Now that we've generated features for each activity, we need to aggregate them together to display them to the end user.  We'll focus on aggregating results at the organization level, but leave the option open to recalculate the aggregation for any of the other fields (country, theme, etc.)

In [29]:
#Load pickles into memory for quickly lookups later
with open("lookup_by_ref.pickle",'rb') as f:
    lookup=pickle.load(f)

with open("lookup_by_name.pickle",'rb') as f:
    lookup_name=pickle.load(f)

In [30]:
def get_benford_distribution(orgid, field):
    """Calculate Benford distribution for an organization across all its activity records"""
    qdata=db.quality.find({'organization':orgid})
    count=0
    running_distribution=[0,0,0,0,0,0,0,0,0,0]
    for qrec in qdata:
        dist_field_name = 'benford_distribution_'+field
       
        if dist_field_name not in qrec:
            continue

        dist_field = qrec[dist_field_name]
       
        if type(dist_field) != list:
            continue

        try:
            running_distribution=np.add(running_distribution, dist_field)
            count+=1
        except TypeError:
            #print i['features']['benford_distribution_'+field]
            continue
    if count>0:
        final_distribution=[100*i/count for i in running_distribution]
    else:
        final_distribution=running_distribution
    final_dict={str(i):final_distribution[i] for i in range(0,10)}
    return final_dict

In [31]:
#Extract aggregated results for a given grouping (we'll start at the org level for now)

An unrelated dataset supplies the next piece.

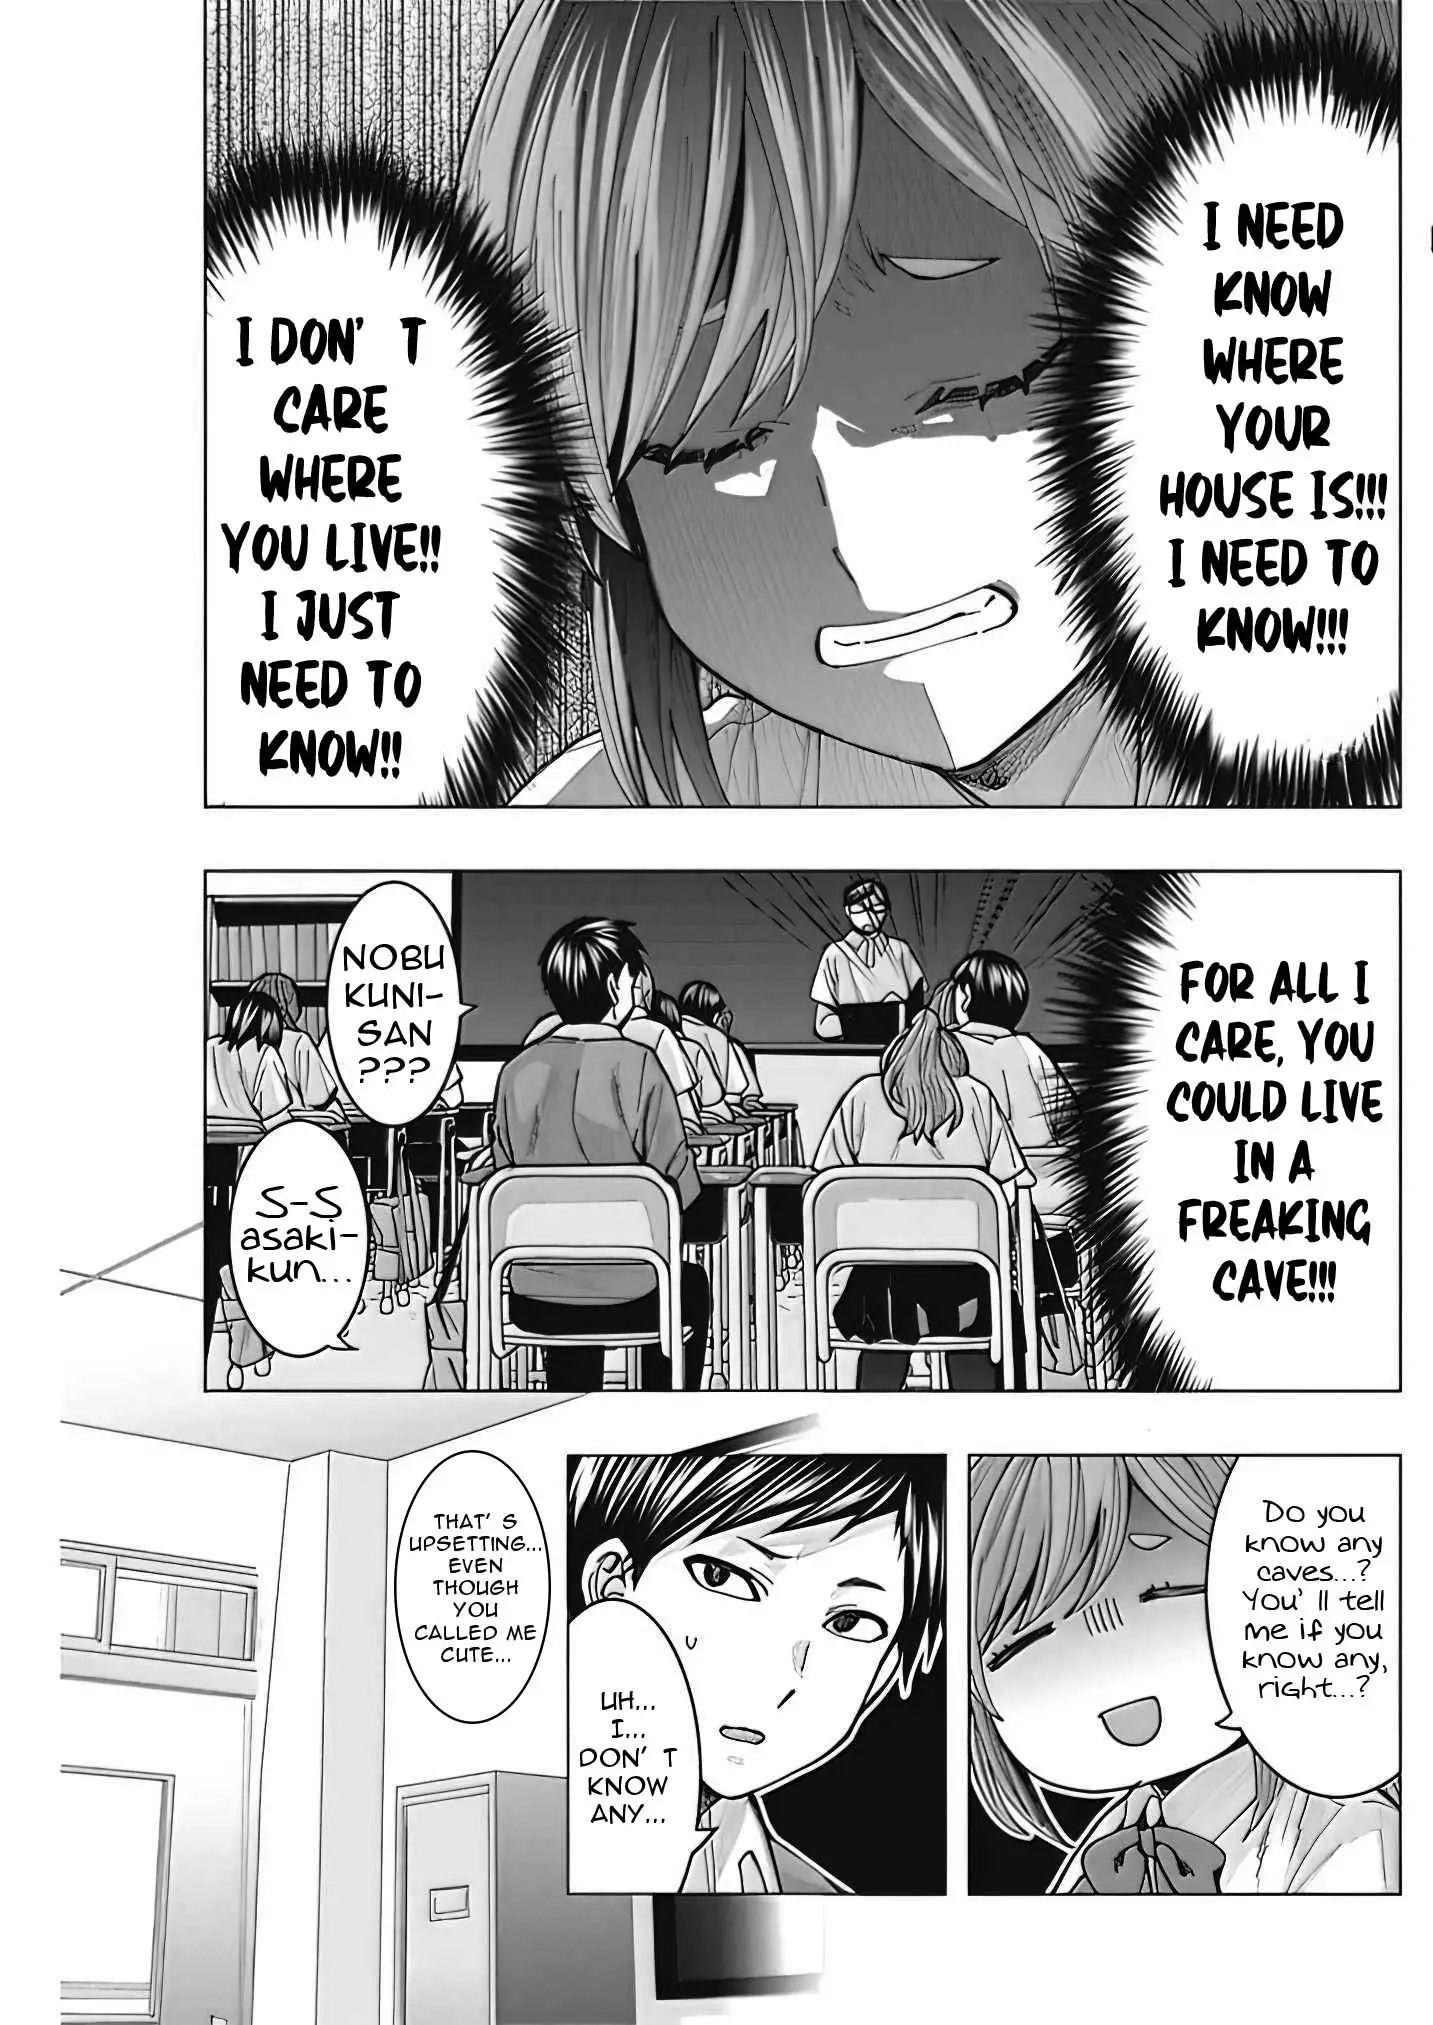 "nobukuni-San" Does She Like Me? - 3 page 8

exist_fields=['description','budget','title','result','transaction','document-link','participating-org','activity-date','@default-currency','@xml:lang']
size_exclude_fields=['activity-date','@default-currency','@xml:lang']
benford_fields=['budget','transaction']

def query_orgs(group_field, group_val=None):
    """
    Collect aggregated results across our feature space for a given field.
    Note that most of these aggregations are simple averages across all activities
    for this prototype.

    This implementation isn't particularly fast because it makes repeated calls to the mongo collection.
    There are certainly opportunities for optimization by gathering a subset of results
    into memory and aggregating from there.

    """
    pipeline=[]
    # Do we have a single org filter?
    if group_val:
        pipeline.append({"$match": {group_field: group_val}}) #Filter for a given subset of records
    # get the fields, grouping by org ID (or whatever is passed in)
    pipeline.append({'$group': {'_id': '$'+group_field,
                                    #CONTACT INFO
                                    'contact-info': {'$first': '$contact-info'},
                                    #TOTAL
                                    'total': {'$sum': 1},
                                    #SIMILARITY
                                    'title_description_similarity': {'$avg': '$title_description_similarity'},
                                    #DOC SIZE
                                    'avg': {'$avg': '$total_size'},
                                    'min': {'$min': '$total_size'},
                                    'max': {'$max': '$total_size'},
                                    #Doesn't exist in Mongo 3.0.4 (which is what I'm using)
                                    #'sd': {'$stdDevPop': '$total_size'},
                                   }})
    #MISSING DATA
    for field in exist_fields:
        pipeline[-1]['$group']['missing_'+field]={'$avg': '$missing_'+field}

        #FIELD SIZE DATA
        if field not in size_exclude_fields:
            pipeline[-1]['$group']['size_'+field]={'$avg': '$relative_sizes.'+field}

    #BENFORD COMPLIANCE (AMONG ACTIVITIES WITH DATA)
    for field in benford_fields:
        pipeline[-1]['$group']['benford_'+field]={'$avg': '$benford_compliance_'+field}

    # Run the pipeline and yield results as they are available
    for results in db.quality.aggregate(pipeline):
        orgid=results['_id']
        if not orgid: # discard blank and null
            continue
        # figure out the name
        orgnames=lookup[orgid]
        if orgnames and isinstance(orgnames, set):
            orgname=next(iter(orgnames))
        elif orgnames and isinstance(orgnames, six.string_types):
            orgname=orgnames
        else:
            continue
        # Collect Missing Data
        exist_results={}
        size_results={}
        for field in exist_fields:
            exist_results[field]=results['missing_'+field]
            #FIELD SIZE DATA
            if field not in size_exclude_fields:
                size_results[field]=results['size_'+field]
        # Collect Benford Fields
        benford_results={}
        for field in benford_fields:
            benford_results[field]=results['benford_'+field]
            benford_results[field+'_distribution']=get_benford_distribution(orgid,field)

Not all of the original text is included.